Task goal →
Lines below starting with the line with "SUR LE SUJET" and going on through the line with "Dans ce portrait" must be output exactly; the rest of the records must be left out.

Material to process →
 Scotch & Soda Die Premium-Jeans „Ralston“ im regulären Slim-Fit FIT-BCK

--

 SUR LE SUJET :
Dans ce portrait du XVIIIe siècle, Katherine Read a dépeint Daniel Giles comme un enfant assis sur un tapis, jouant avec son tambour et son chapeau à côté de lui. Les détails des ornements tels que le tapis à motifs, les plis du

Written response →
 SUR LE SUJET :
Dans ce portrait du XVIIIe siècle, Katherine Read a dépeint Daniel Giles comme un enfant assis sur un tapis, jouant avec son tambour et son chapeau à côté de lui. Les détails des ornements tels que le tapis à motifs, les plis du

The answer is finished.